= Work task =
Repeat exactly, and only, the lines from the line bearing "Chanel Black Rex Rabbit Fur Collar / Scarf" through the end of the material. Do not copy the pictures.

= Input data =

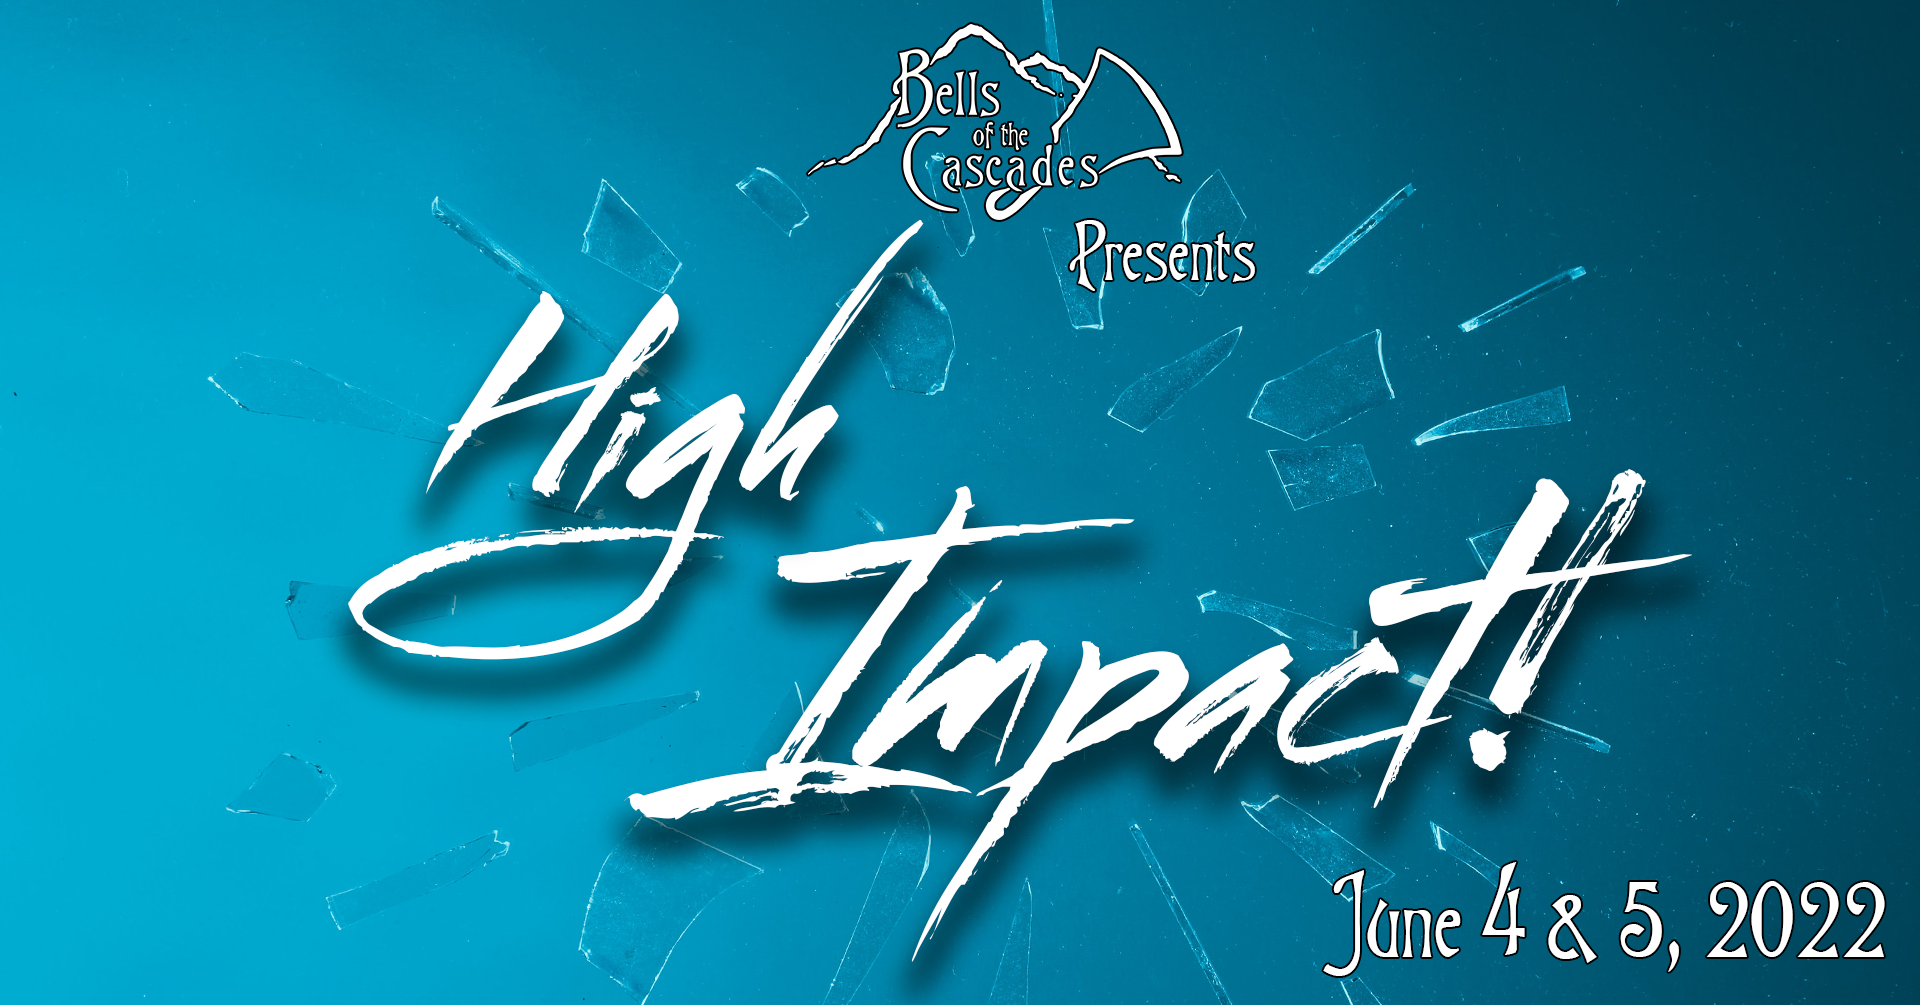 High Impact! handbell concert
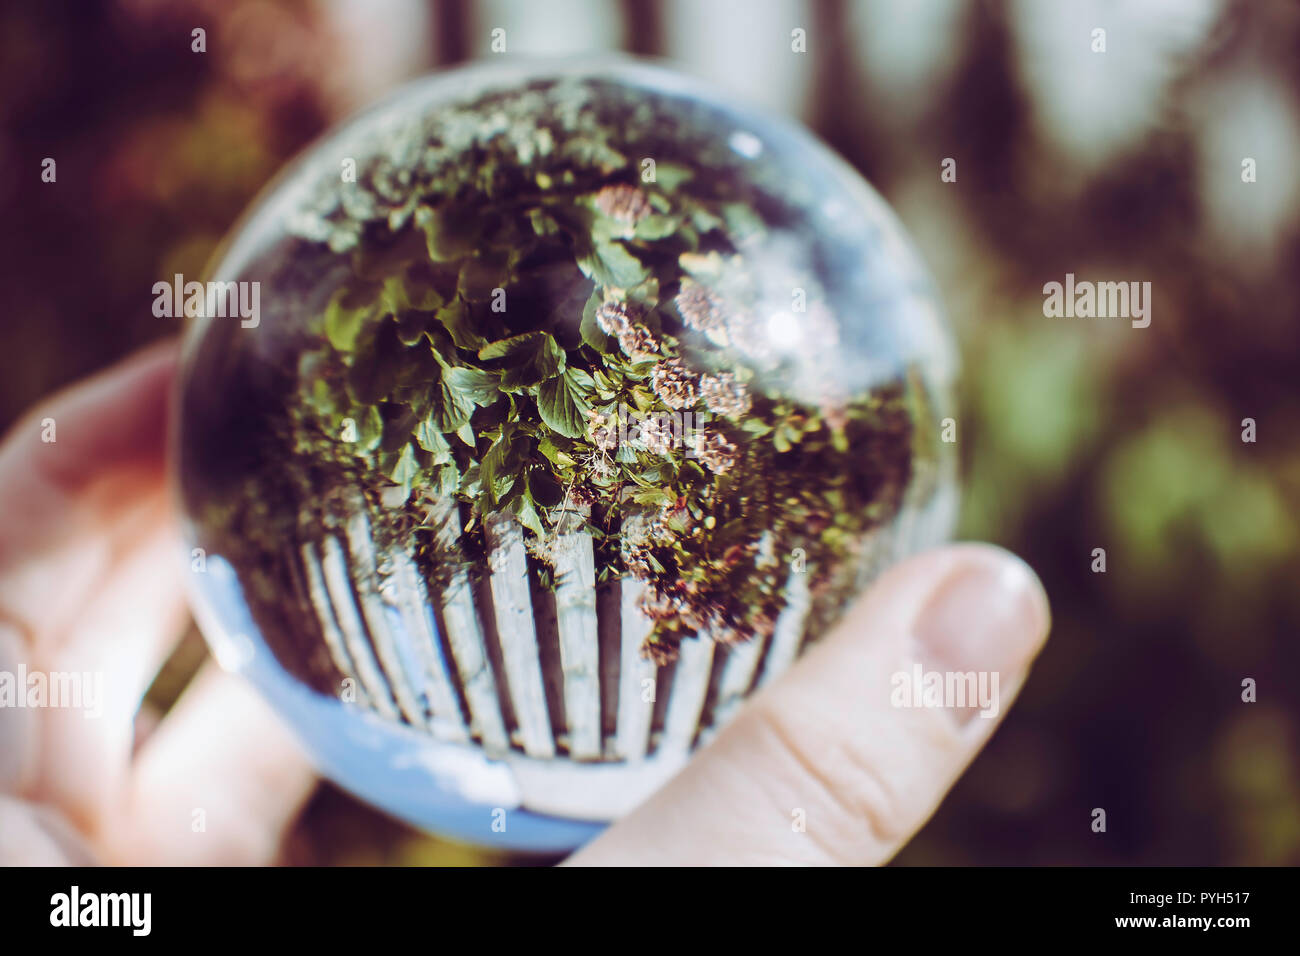 Englischer Garten durch einen Kristall Fotografie ball gesehen Stockfoto
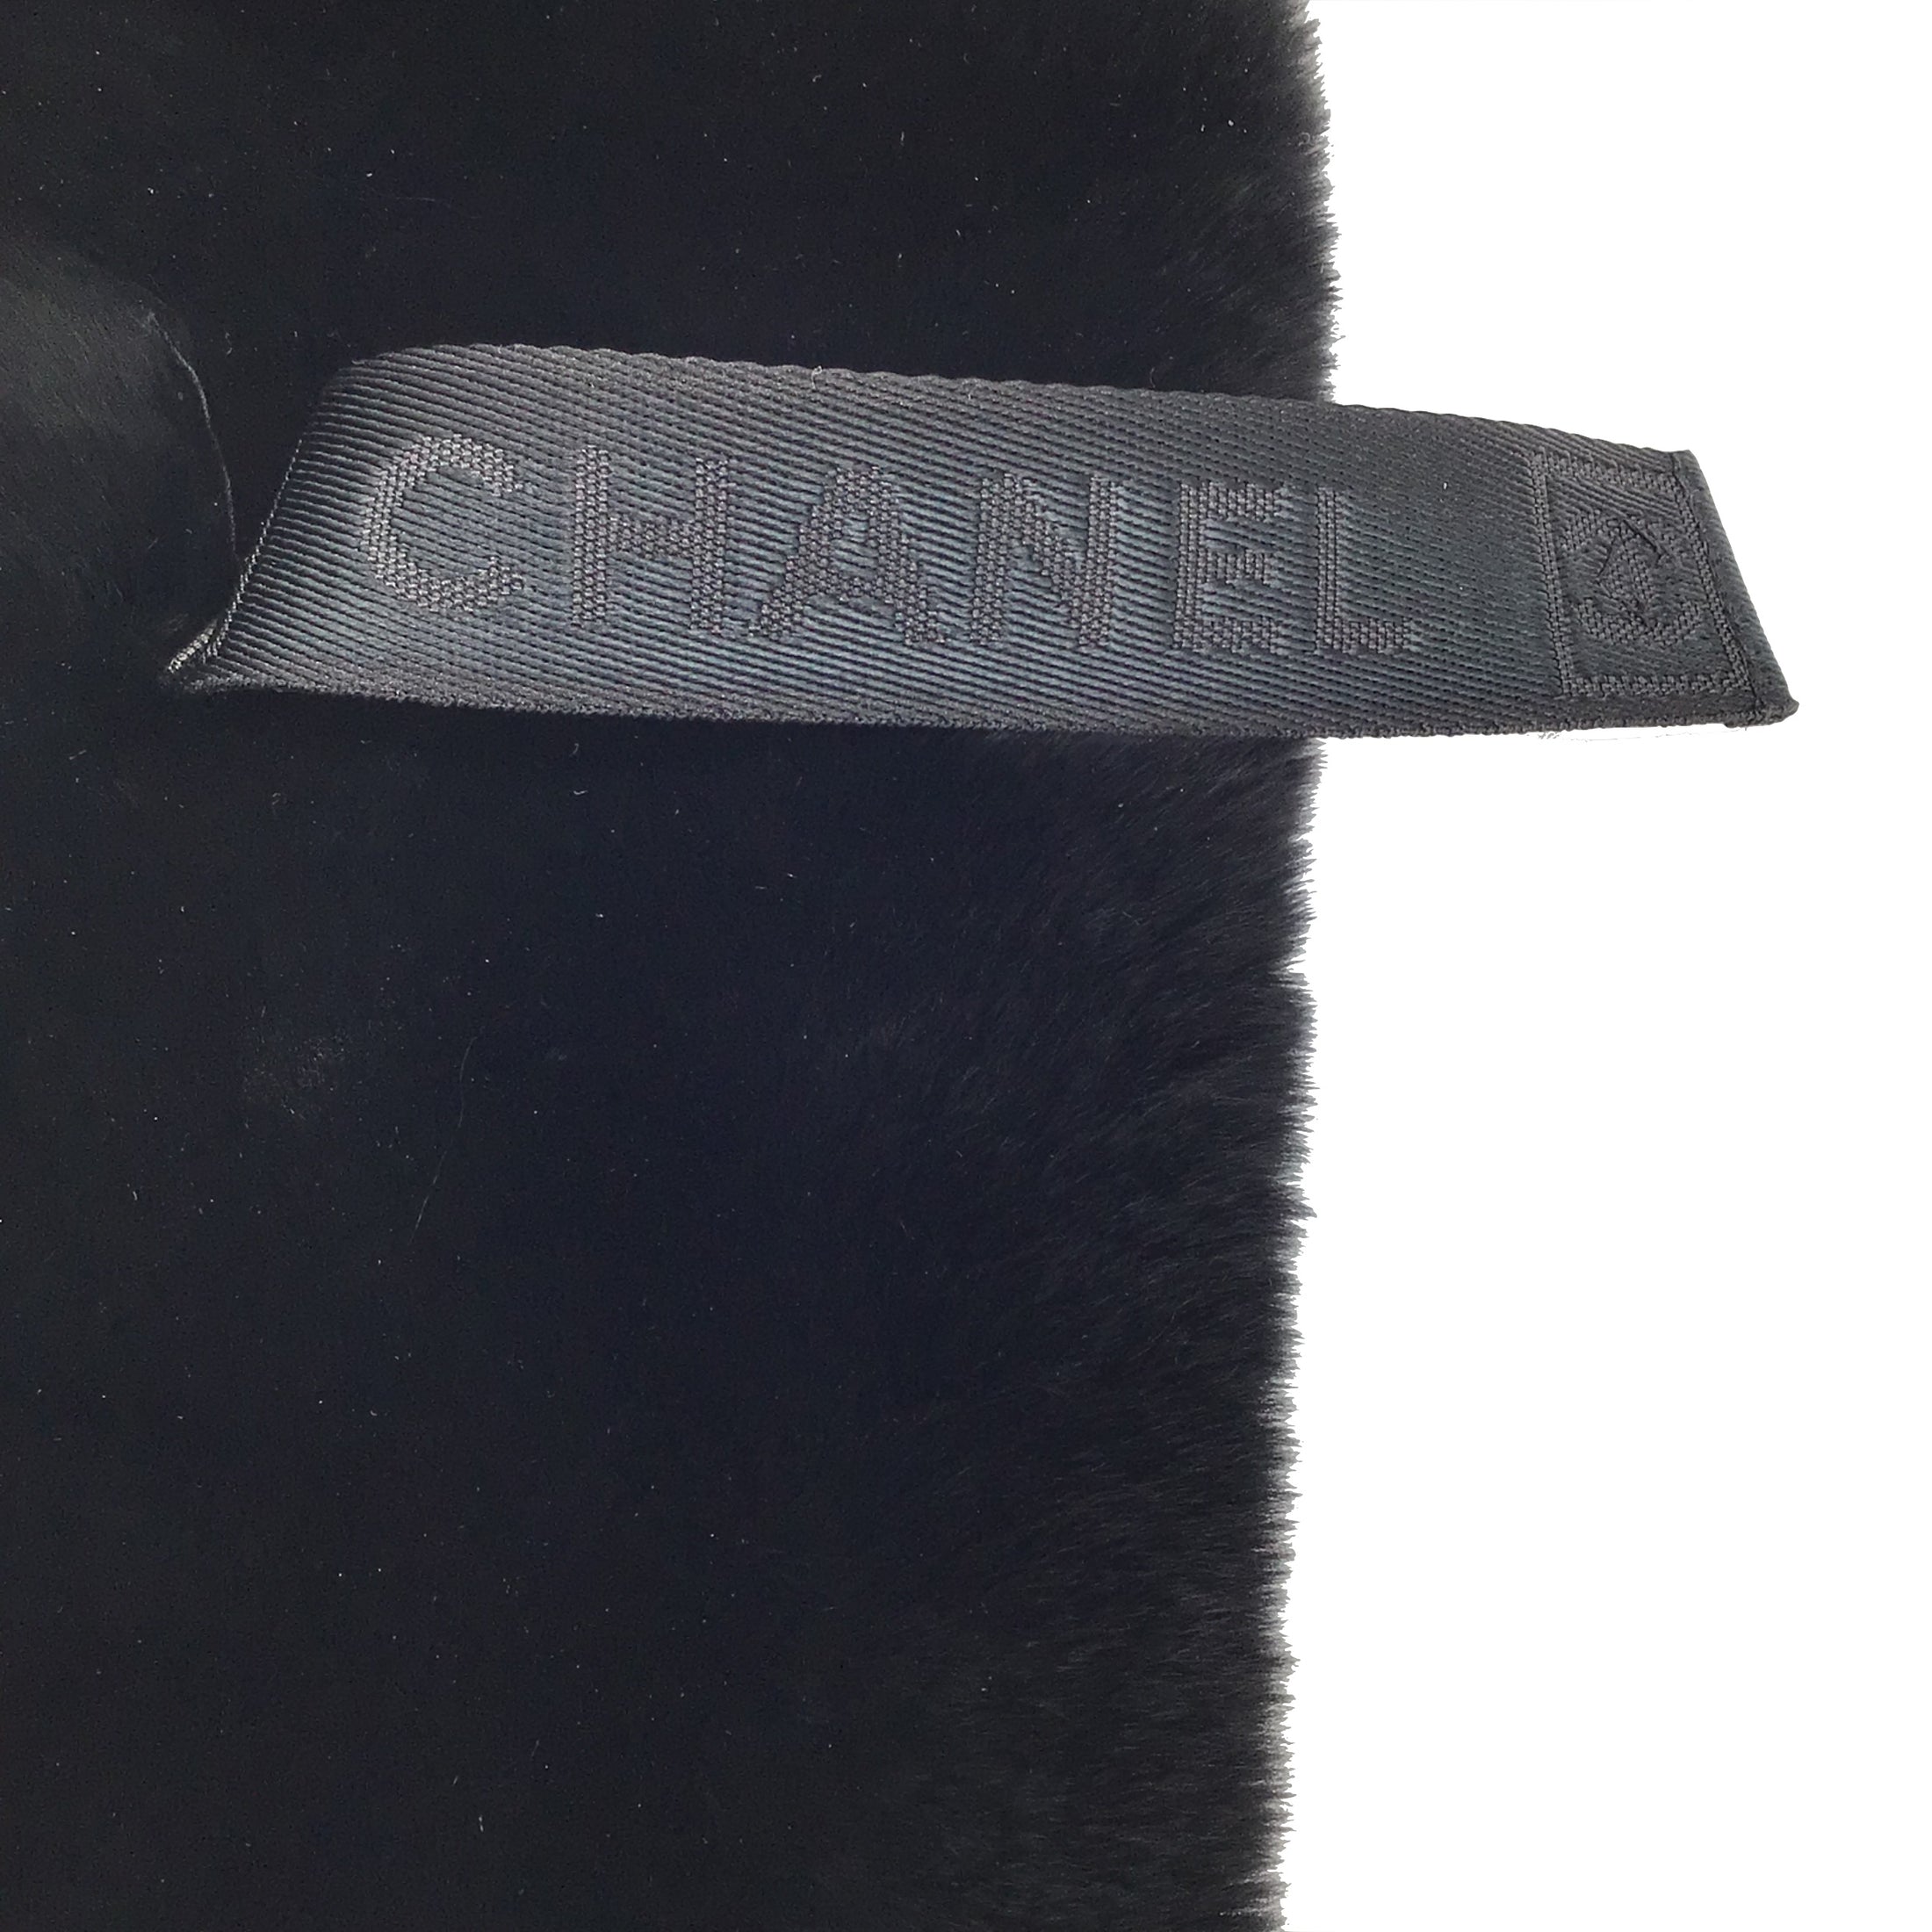 Chanel Black Rex Rabbit Fur Collar / Scarf
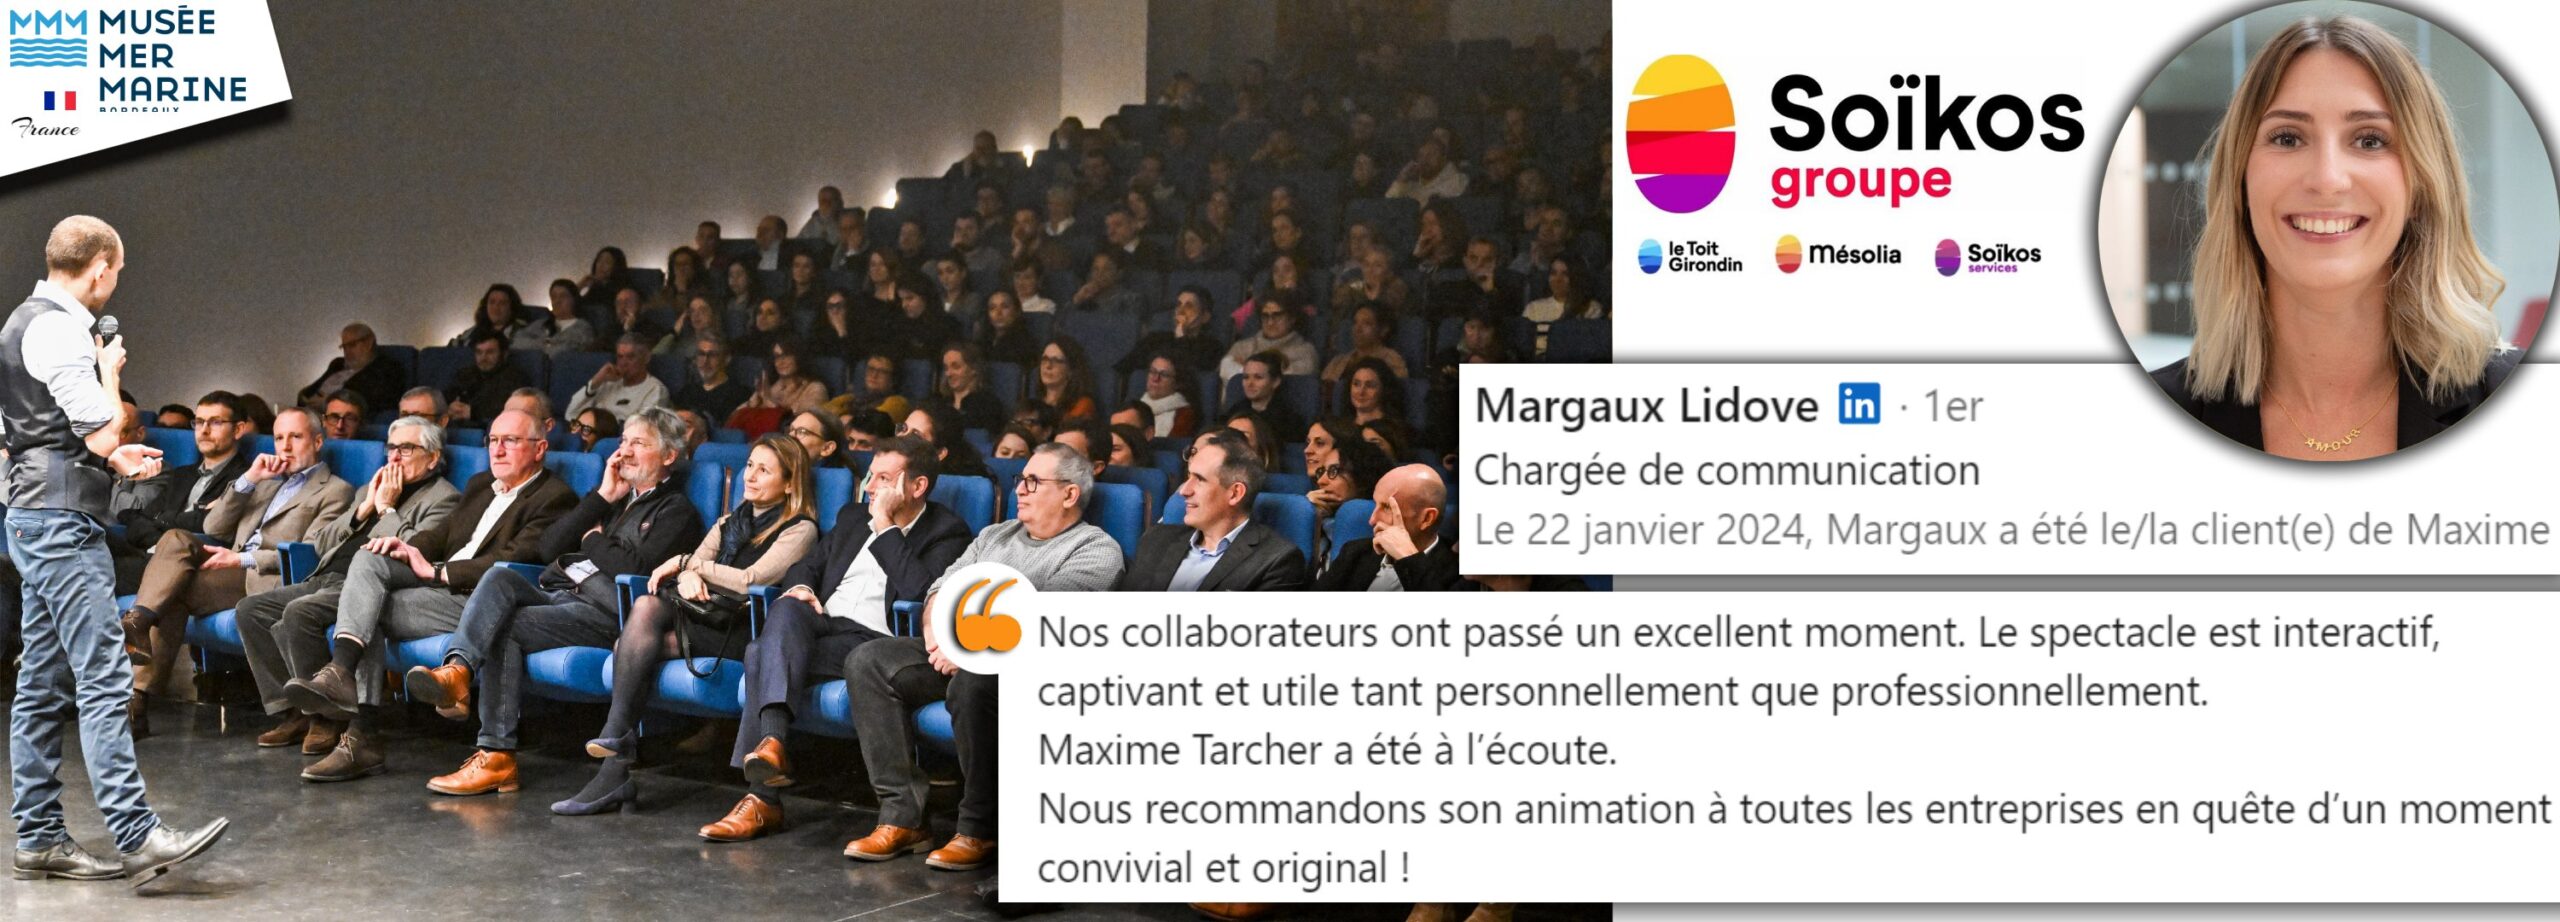 Margaux LIDOVE - Groupe SOIKOS mémoire maxime tarcher conférencier entreprise musée mer maritime janvier 2024

= Response area =
 Chanel Black Rex Rabbit Fur Collar / Scarf
 Margaux LIDOVE - Groupe SOIKOS mémoire maxime tarcher conférencier entreprise musée mer maritime janvier 2024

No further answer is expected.